VPS crashes with the dreaded oom message....

craigiri

Well-known member
My 1G debian VPS (running XF and WP - light traffic site and small db) crashes once every couple of weeks - seems to be arbitrary, as neither the load, traffic or CPU use is ever heavy. Basically it hangs up and shows an incredibly heavy load until mysql is shut down manually and then restarted. But it's not (IMHO) mysql running out of memory - just that the whole systems seems to panic and overload.

The OOM message shows that Apache get it.....
"apache2 invoked oom-killer"

This happened before I doubled the RAM - and I also use caches for the wordpress and flush RAM once in a while. In other words, I never see the system eating up available memory - the error seems to come out of nowhere....

Looking around the web, I saw some folks mention that it could be a fault of Linux stock settings - that they are not overcommitting:
http://www.hskupin.info/2010/06/17/how-to-fix-the-oom-killer-crashe-under-linux/comment-page-1/

Anyone else have experience with this syndrome? It seems that if it were default behavior in Linux, it would be happening to lots of people!
 
Do you have any active monitoring on the VPS, so you can see how RAM is being used over time?

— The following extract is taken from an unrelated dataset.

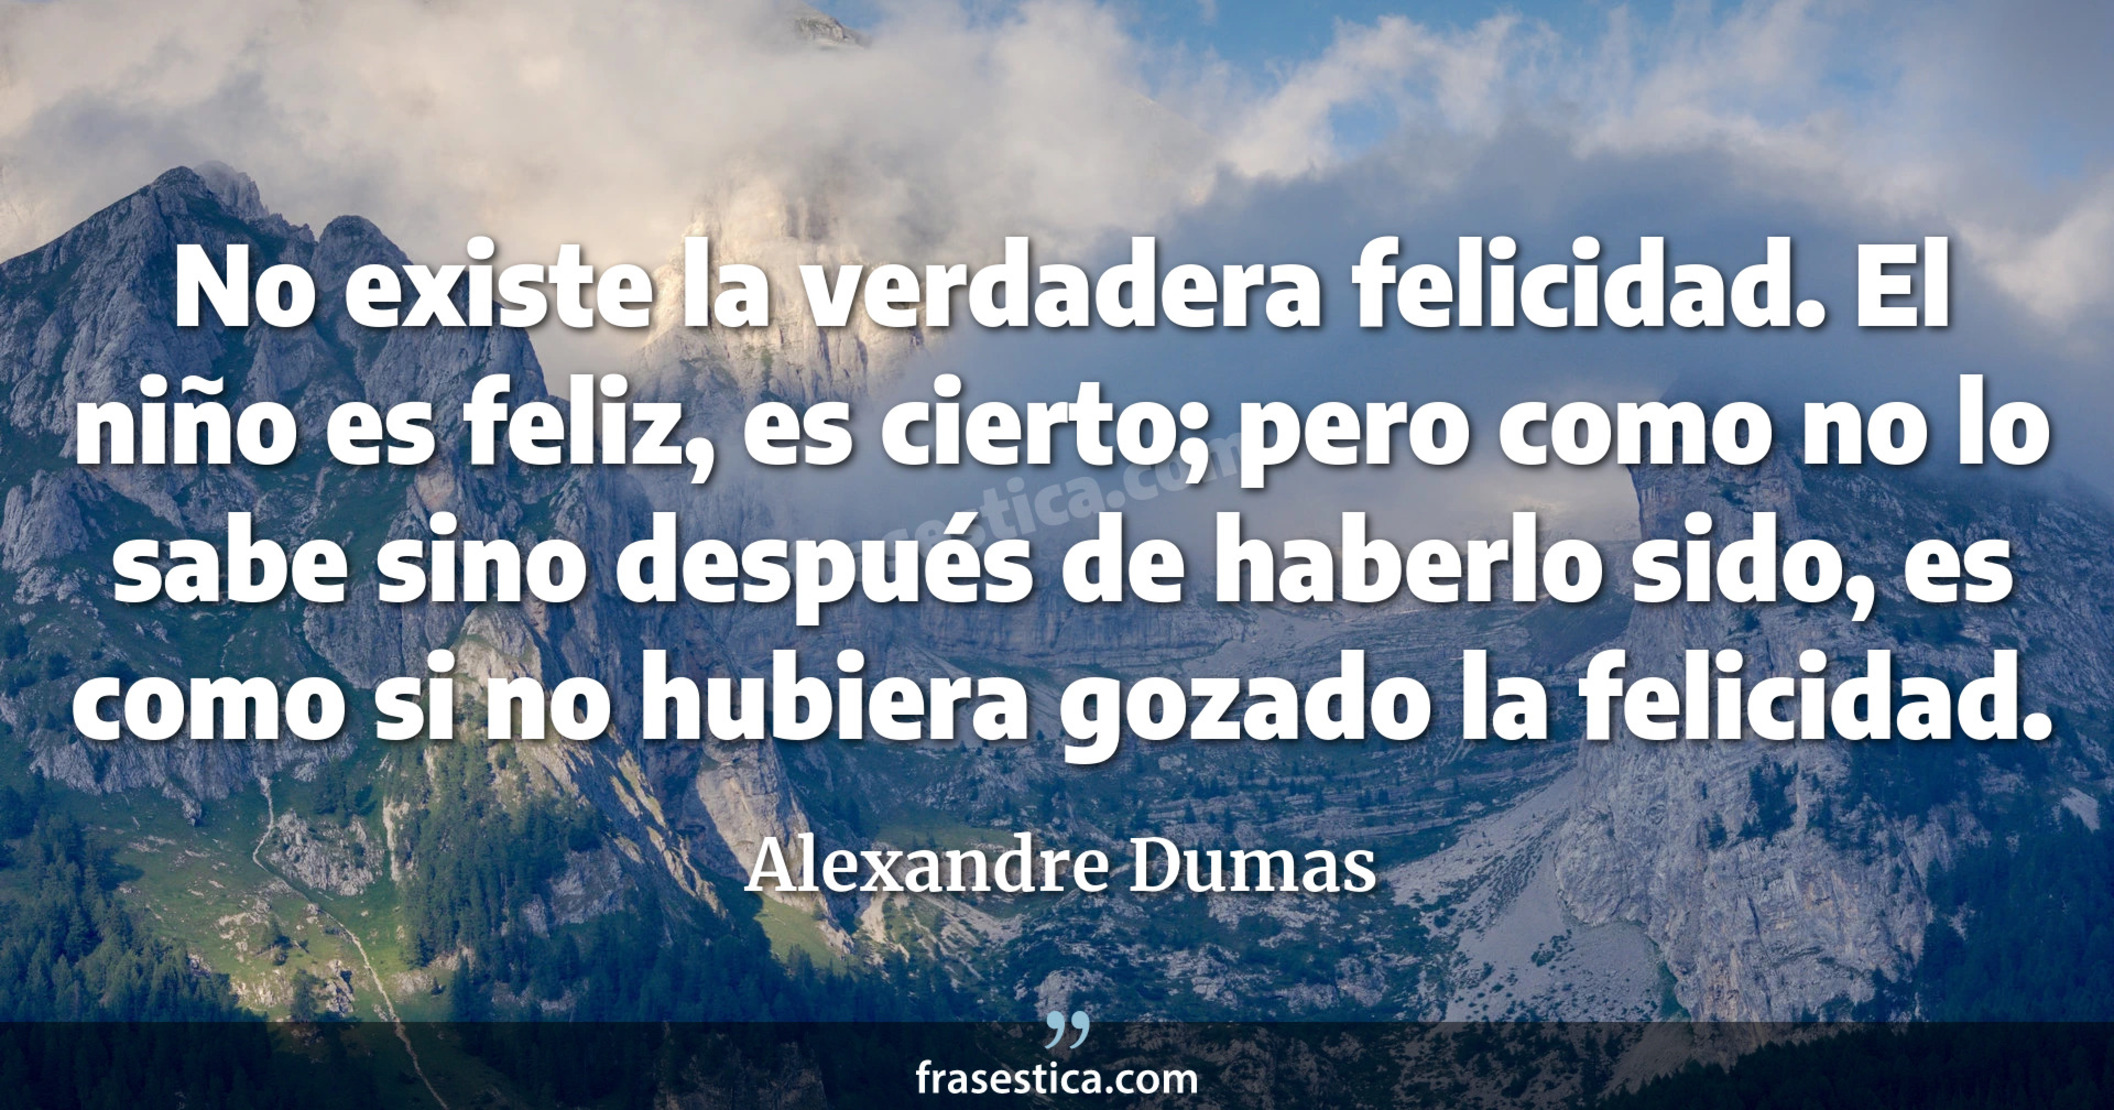 No existe la verdadera felicidad. El niño es feliz, es cierto; pero como no lo sabe sino después de haberlo sido, es como si no hubiera gozado la felicidad. - Alexandre Dumas

I'd suggest sticking your VPS on here while it's still in free open beta: https://nodequery.com/

Then you can at least monitor it's usage over time, and see if it does tie in with anything:

upload_2014-3-26_8-46-31.webp

EDIT: I also take it you don't have any swap for things to be getting killed off with OOM errors, or you are also using all your swap up.
 
Found your problem! ;)
Really? :p
These show some down time due to being recently created on my ProxMox server (which, by the way uses Debian as it's core :whistle: ) and being rebooted during testing. The one that has been up for 30 days was rebooted after I installed CSF and wanted to make sure that I had not completely locked myself out upon a reboot of the server (which I had done before). Before that it had been up for 138 days. Most of the VPS's are using OpenLiteSpeed now for the httpd server.

screenshot.webp screenshot1.webp
 
I'll get my coat :)
Just as long as you take your boots along also. :D
It might get deep when you go talking OS's! Food Fight!!!

Though in my defence, one of my CentOS servers is coming up on 5 years uptime I think, I had one that was longer but a drive failure meant it had to be powered off for a replacement :(
Usually the only time I reboot is when a kernel update comes out. I just can't leave 'em well enough alone. Also, instead of doing a snapshot of my VPS's when I back then up I do a stop of the VPS (it's only down for about 20 seconds) but it reflects as the server being shut down - which it is in fact.
 
Memory is plenty free - swap is there but not used very much.....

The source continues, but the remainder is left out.